Comparative research on the metabolism of metoprolol by four CYP2D6 allelic variants in vitro with LC-MS/MS

Abstract

Specific study about the effect of cytochrome P450 2D6 (CYP2D6) polymorphisms on the metabolism of clinic drugs is of great significance for drug safety investigation. Here, the interaction between CYP2D6 variants (*1, *2, *10, *39) and metoprolol (MET) was intensively researched in vitro from the aspect of drug-enzyme kinetic study.

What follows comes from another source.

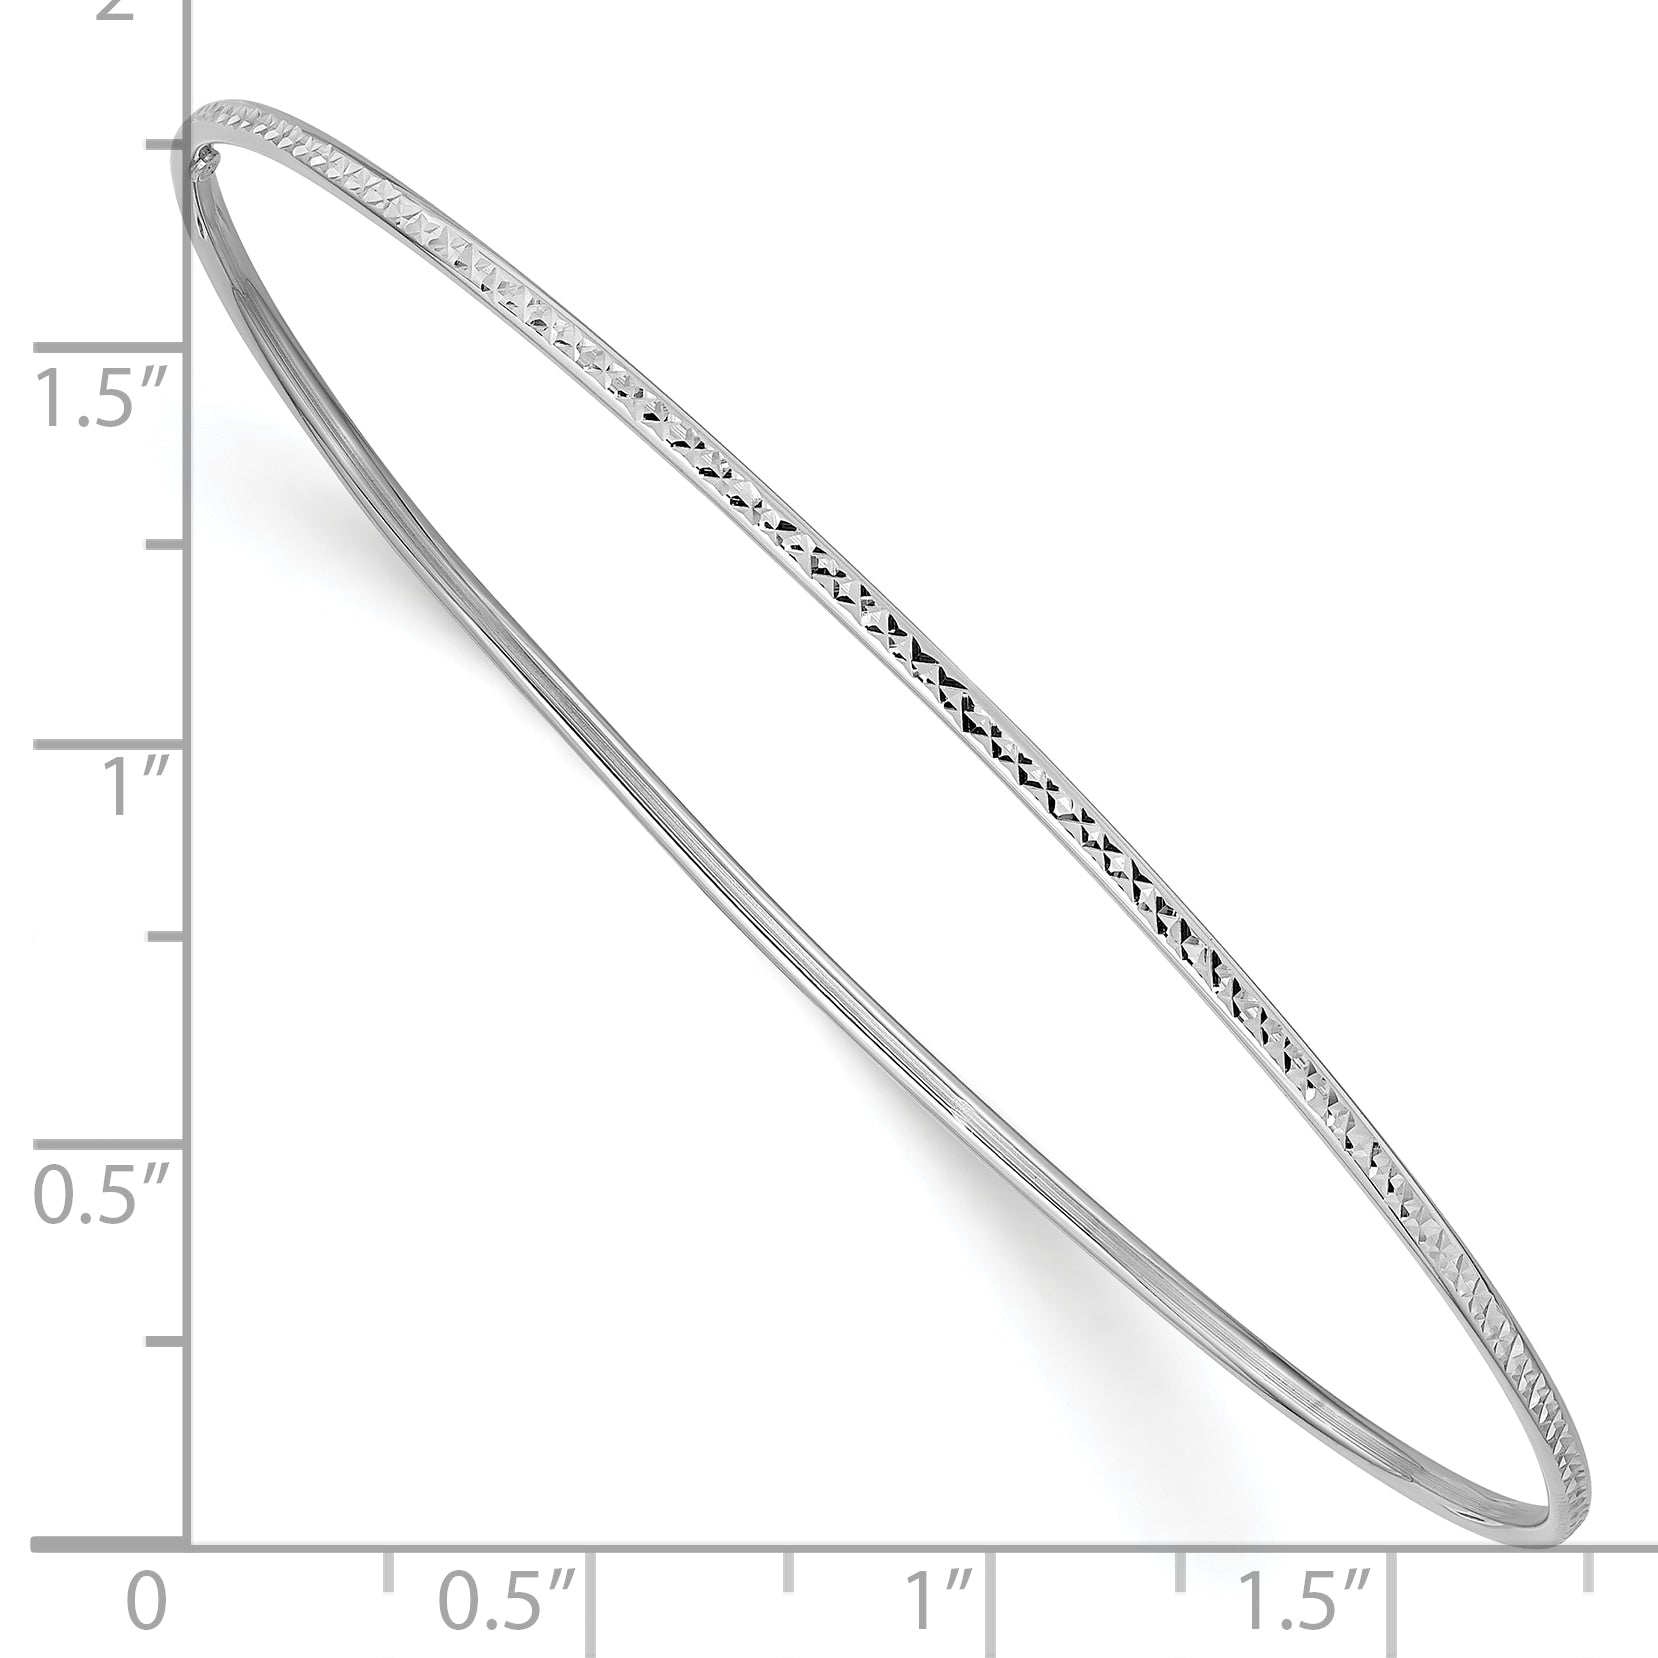 10k 1.5mm White Gold Diamond-Cut Slip-on Bangle Bracelet

To obtain quantitative data, α-hydroxymetoprolol (main metabolite of MET) was selected as an ideal analyte and an LC–MS/MS method was adopted for sample determination. Firstly, by selecting suitable internal standard and optimizing separation condition, the LC–MS/MS method was established and validated. Then, the drug-enzyme incubation system was optimized by two parameters: incubation time and amount of enzyme. Lastly, the interaction between CYP2D6 allelic variants and MET was characterized by Km, Vmax and CLint. As a result, four CYP2D6 enzymes displayed diverse Km or Vmax towards MET and the values of CLint showed a wide range from 8.91 to 100%. Relative to CYP2D6*1 (CLint*1 = 100%), CYP2D6*2 demonstrated the second high catalytic activity (CLint*2/*1 = 74.87%) while CYP2D6*39 (CLint*39/*1 = 29.65%) and CYP2D6*10 (CLint*10/*1 = 8.91%) showed minimal catalytic activity. This comprehensive in vitro data suggested the prominent influence of CYP2D6 polymorphisms on the metabolism of MET, which could offer valuable information for personalized administration of MET in clinic.